На розовом рассвете продавцы раскладывают сливы и бутылки с облепиховым соком под полосатыми навесами. Снежинки, залетающие даже под стеклянную крышу, застревают в ресницах, на линзах. Бары давно закрыты, над бумажными стаканчиками с кофе клубится пар, как от дыхания. Одинокие снежинки тают или испаряются — быстро, как все одинокие кристаллы, без защитной влажности, без защитного покрова, земля осталась бесснежной. Ничто не скрывает узор из жвачек, мозаику из жеваных комочков. Из минаретов доносятся механические призывы к молитве: поезд дальнего следования из Таммерфорса прибывает на четвертый путь. Поезд дальнего следования на Улеоборг отправляется с восьмого пути. Счастливого пути!

Тихая дрожь на морозе.

Одинокие реки, что текут к океану, к морю.

Одинокие реки, что вздыхают:

 

 

Подожди меня,

 

подожди меня.

 

Я спешу домой,

 

подожди меня.

 

 

Утром 16 августа 1977 года Элвис принимает таблетки, просит не беспокоить и отправляется в туалет, читать книгу о туринской плащанице. В какой-то момент у него случается инфаркт. Когда Джинджер, которая на самом деле не любит его (ей восемнадцать, и в ночных клубах у нее есть другие поклонники, постройнее), на следующий день после полудня поднимается наверх, чтобы проверить, почему Элвис не лежит рядом с ней в кровати, она находит его на полу, темно-синим лицом вниз, с высунутым языком и спущенными штанами.

Он умер.

 

 

 

 

Этот снег скользит вниз крупными хлопьями на розовом рассвете. У берега спят зимние корабли, спят дикие утки, все, тихо спят, спрятав голову под крыло. Вдалеке вьется дым из вечно бодрствующей фабричной трубы, над крышами домов, над чердаками. На переднем плане падает снег, снежные хлопья, они не кружатся, а парят, ложатся на дома и людей, людей и детей.

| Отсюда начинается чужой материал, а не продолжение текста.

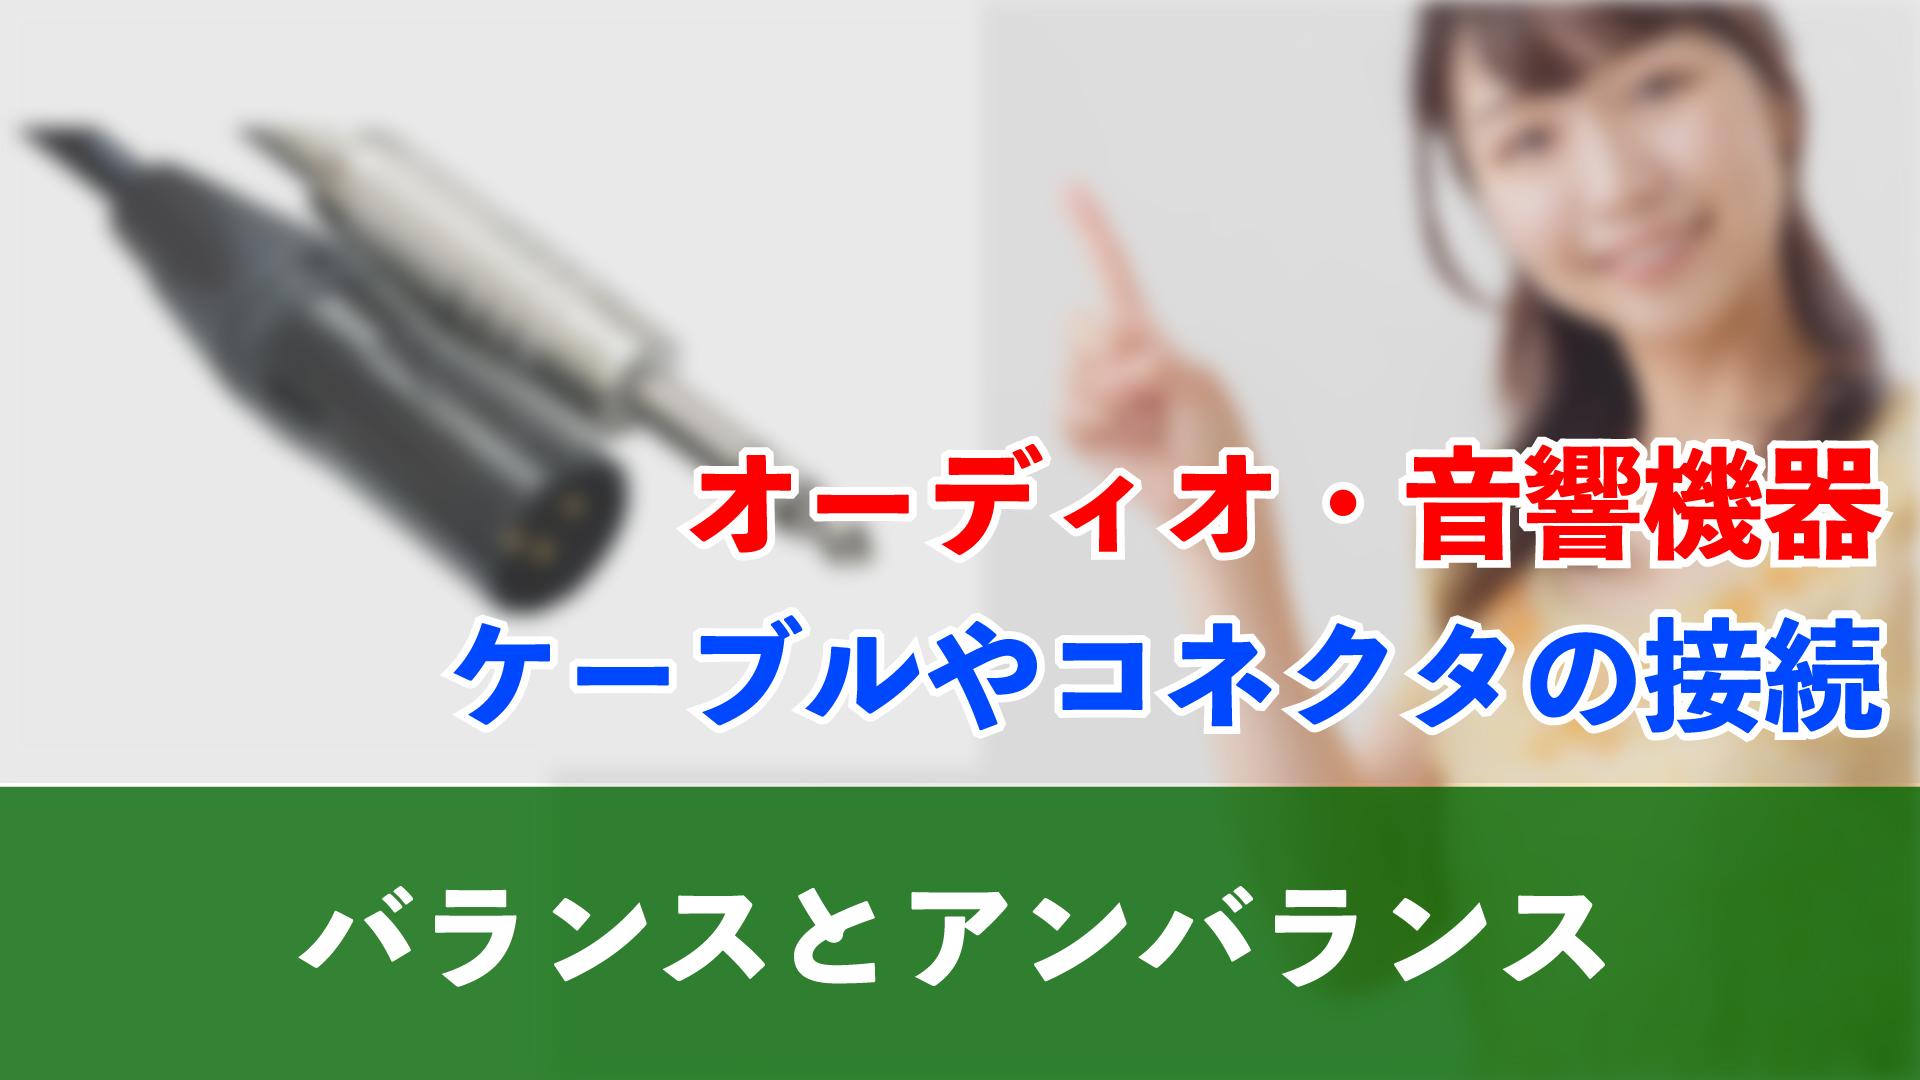 バランスとアンバランス【オーディオ機器のケーブル接続】_thumbnail

Привет из слоев атмосферы высоко над нами.

Над крышами и собаками.

Над живыми свечами и искусственными фонарями.

Последний снегопад в году, думаю я, следующий — в ноябре.

Но этого пока никто не знает.

Пока.

На рассвете я иду домой вблизи от железной дороги. Хлопья снега скользят вниз, влажные, их много, они застревают в ресницах. Рядом со мною высокие ели, ветки сгибаются под тяжестью снега. Вокруг тихо, в елях шумит ветер. Нигде никого, поездов нет. Мои ноги ступают по гравию под снегом, хруст. Двигаюсь медленно, но верно, вперед. И вот. В эту минуту. Внезапно, безо всякого предупреждения, не считая всего, что было до этого, до меня доносится звук, чуть надтреснутый. Я останавливаюсь. Оглядываюсь по сторонам. И вот. Медленно, медленно, прямо перед моими глазами они скользят вниз. Перед моими линзами, в ту же секунду прозрачными, прямо передо мною — они, здесь.

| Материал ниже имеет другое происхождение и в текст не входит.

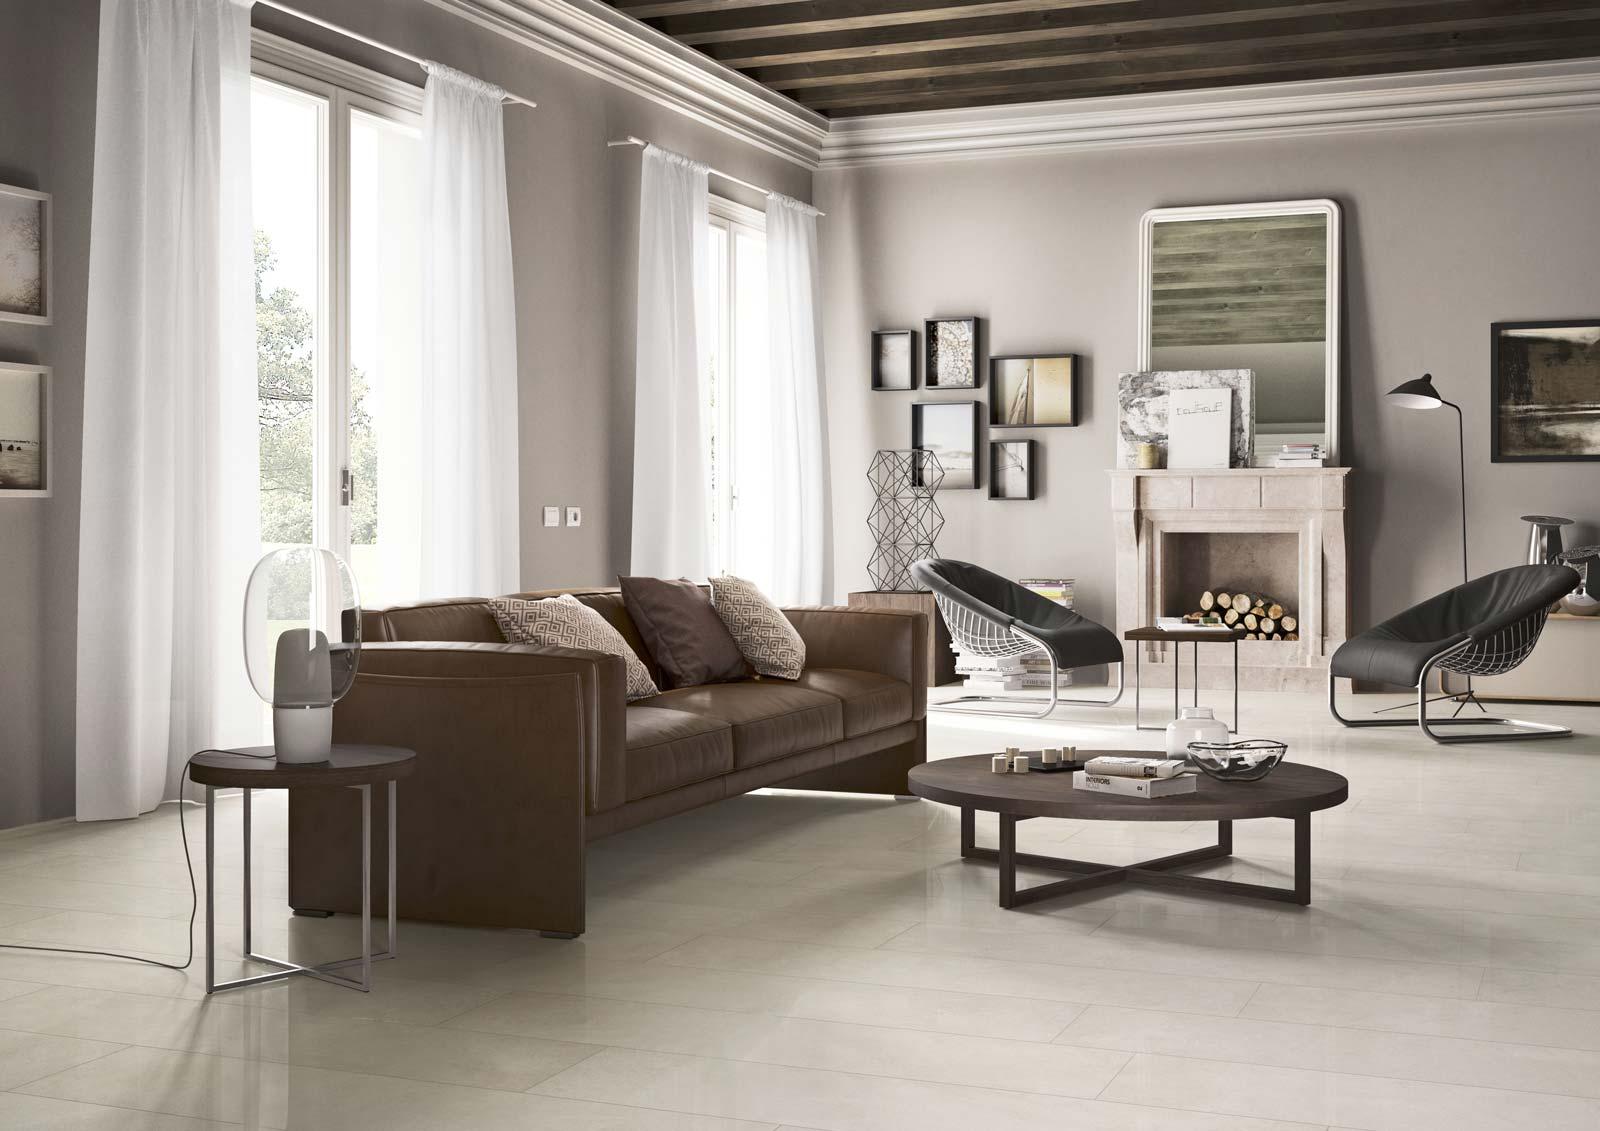 Piastrelle per salotto ispirazione per l 39 arredo marazzi for Salotto elegante

Я протягиваю руку, рукавицу к ним. Они ложатся на шерсть. Я смотрю на них кристально ясным взором. Который знает. Что два звездчатых дендрита, не меньше полусантиметра в окружности. Что они одинаковы не только на первый взгляд, но и на глубочайшем молекулярном уровне, именно здесь, передо мной. На моей рукавице. В другой руке по-прежнему бумажная кружка в клеточку, уже пустая. Ели шумят. Ни одна птица не поет. Я останавливаюсь, стою. Вокруг меня идет снег, большие снежинки, скользят зигзагами. Моя рука вытянута. Ни одна снежинка не опускается на рукавицу рядом с теми двумя. Вокруг них пустота. Они светятся. Где-то за спиной, далеко, свисток поезда. Я не оборачиваюсь. Таких поездов давно уже нет. Которые свистят. Паровозы. Я поворачиваю назад. Смотрю вниз, на вытянутую руку.

Их нет.

Осталось два мокрых пятна на тыльной стороне рукавицы.

В другой руке по-прежнему бумажный стаканчик.

Уже слегка помятый.

Я иду к Утиному парку, он как раз поблизости.

Сажусь на скамейку.

Сижу.

 

 

Этот снег скользит вниз крупными хлопьями на розовом рассвете. Сонные зимние корабли, спящие дикие утки, вьющийся дым, чердаки.

Последний снегопад в этом году, думаю я, одна снежинка тает у меня на носу, следующий — в ноябре.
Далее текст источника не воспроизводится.